4 - Run 1_rewrite_authors.sh in BASH (e.g GitBash). The script will hit EVERY repository under $PROJECTS_ROOT.
5 - Run 2_validate_authors.sh in BASH (e.g GitBash). This script returns each unique author/committer for each repo.
6 - If commit text doesn't need to be modified, skip to step 11. Otherwise, continue to step 6.
7 - Modify rewrite_text.txt. The left side of ==> is the string literal to be replaced. The right side is the string literal that replaces the left side. Ensure LF is used instead of CLRF for line breaks (required).
8 - Modify 3_rewrite_text.sh by updating $PROJECTS_ROOT and $REPLACE_TEXT (the former is the sanitization directory, the latter is the rewrite_text.file). Additionally, it is recommended to modify the git grep -i command to include keywords that are being filtered. It will return any matches that were missed during the replacement process.
9 - Run 3_rewrite_text.sh in BASH (e.g GitBash). The script will hit EVERY repository under $PROJECTS_ROOT.
10 - Run 4_compare_repos.sh in BASH (e.g GitBash) after modifying $PROJECTS_ROOT and $PROJECTS_ROOT_BACKUP (in-depth scan of historical files to see diffs between original and sanitized); It is also highly recommended to thoroughly test the sanitized repo(s) still function properly. Unit testing and use-case scenario testing should be performed.
11 - During both the author rewrite and text rewrite stages, remote (origin) references are stripped from the repos. This is to protect the remote from accidental changes. 5_origin_reinstate.sh adds remotes back in for each repo. Start by updating $PROJECTS_ROOT. Next, ensure the folder containing each repo is named identically to the remote name. For example, if the remote is https://github.com/realasira/GitToolsSanitizeCommits then the local repository's containing folder should be named GitToolsSanitizeCommits.
WARNING: It is recommended to temporarily disable any kind of automatic remote pulls/fast-forwards that occur when using tools such as GitKraken. These tools will overwrite the sanitized local repositories if a pull happens.
12 - Run 5_origin_reinstate.sh in BASH (e.g. GitBash) OR manually add remotes.
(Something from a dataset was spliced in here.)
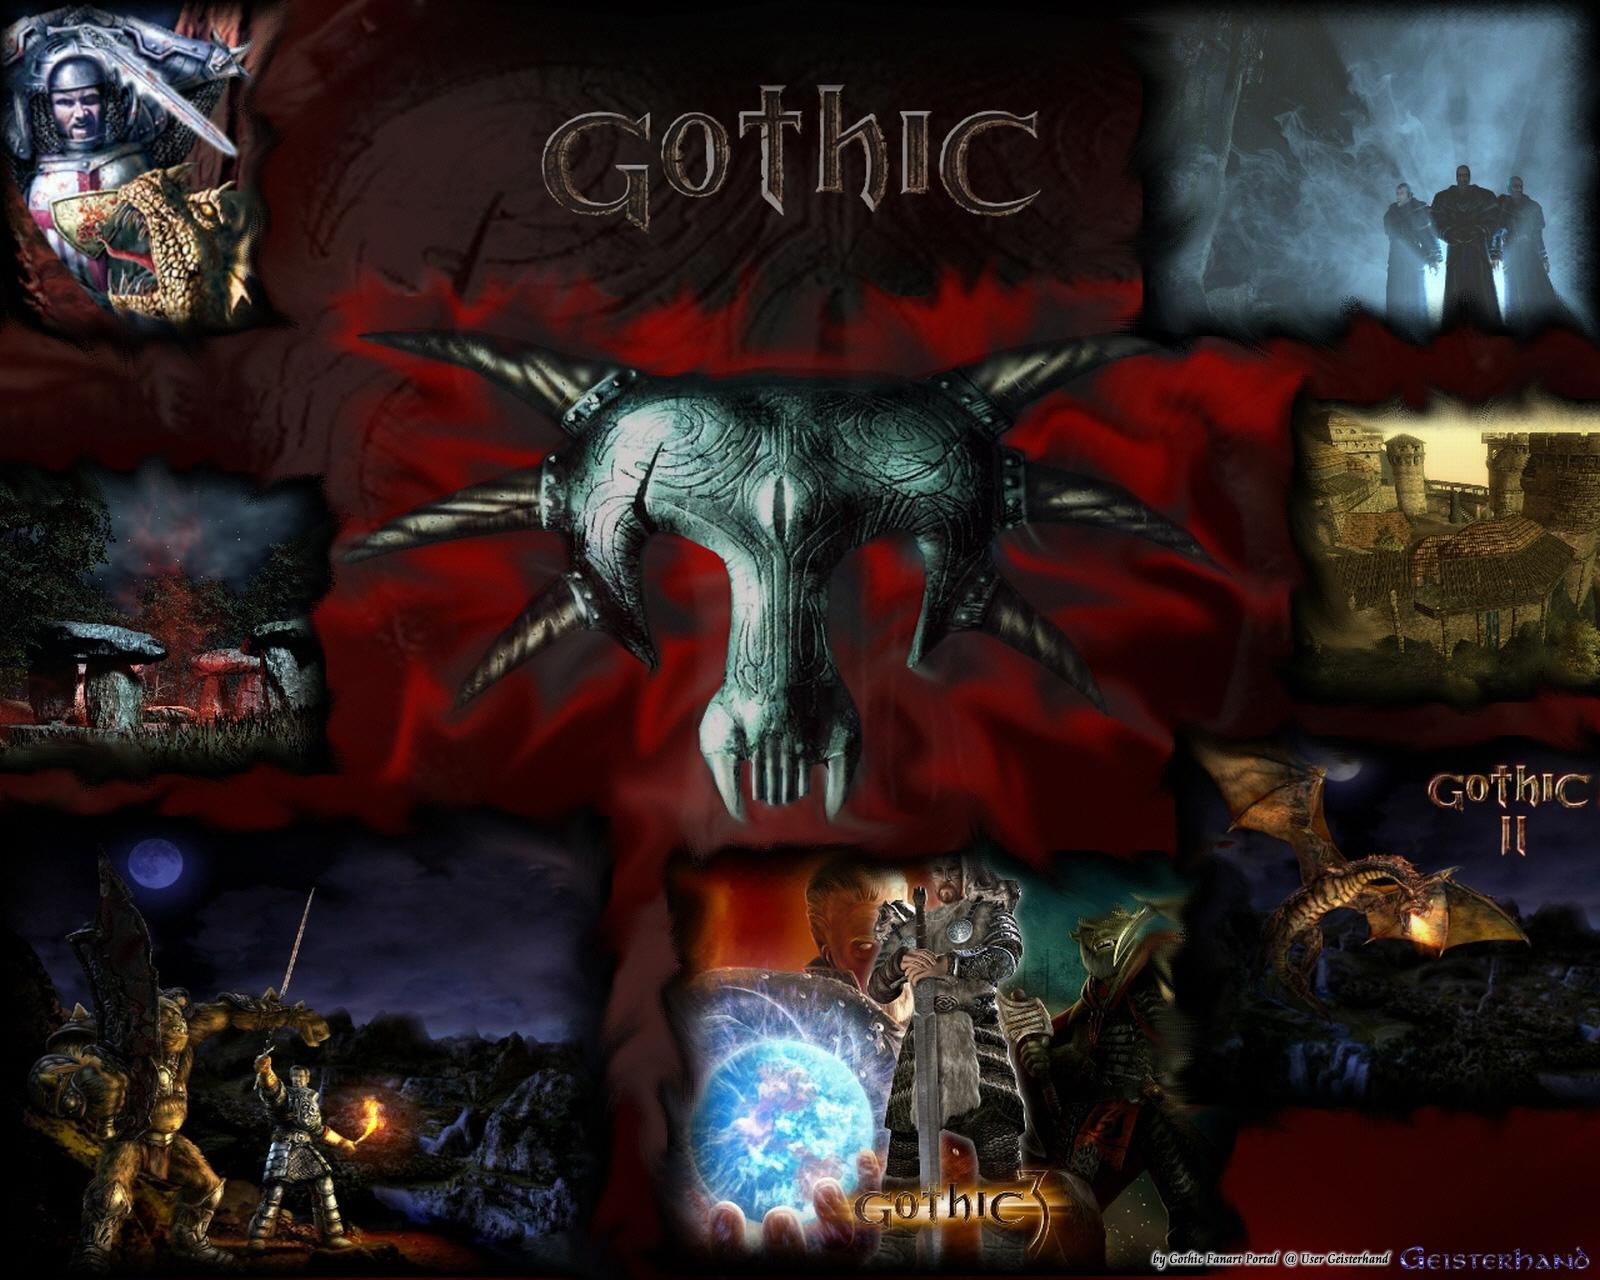 Gothic 2 wallpaper - Gothic adventskalender ...

13 - Modify 6_forcepush_all.sh by updating $PROJECTS_ROOT. On the remote repository(ies), disable force push and overwrite protections (ONLY once you are certain the sanitized version(s) are ready to overwrite the originals).
14 - THIS IS THE POINT OF NO RETURN. Run 6_forcepush_all.sh in BASH (e.g. GitBash). The local, sanitized repos are forcefully pushed onto the origin(s), overwriting them entirely.
15 - Validate the remote matches the local sanitized version. Reinstate rulesets and protections.
16 - Congratulations, you've bent git history to your will. May Linus nor your colleagues ever find out.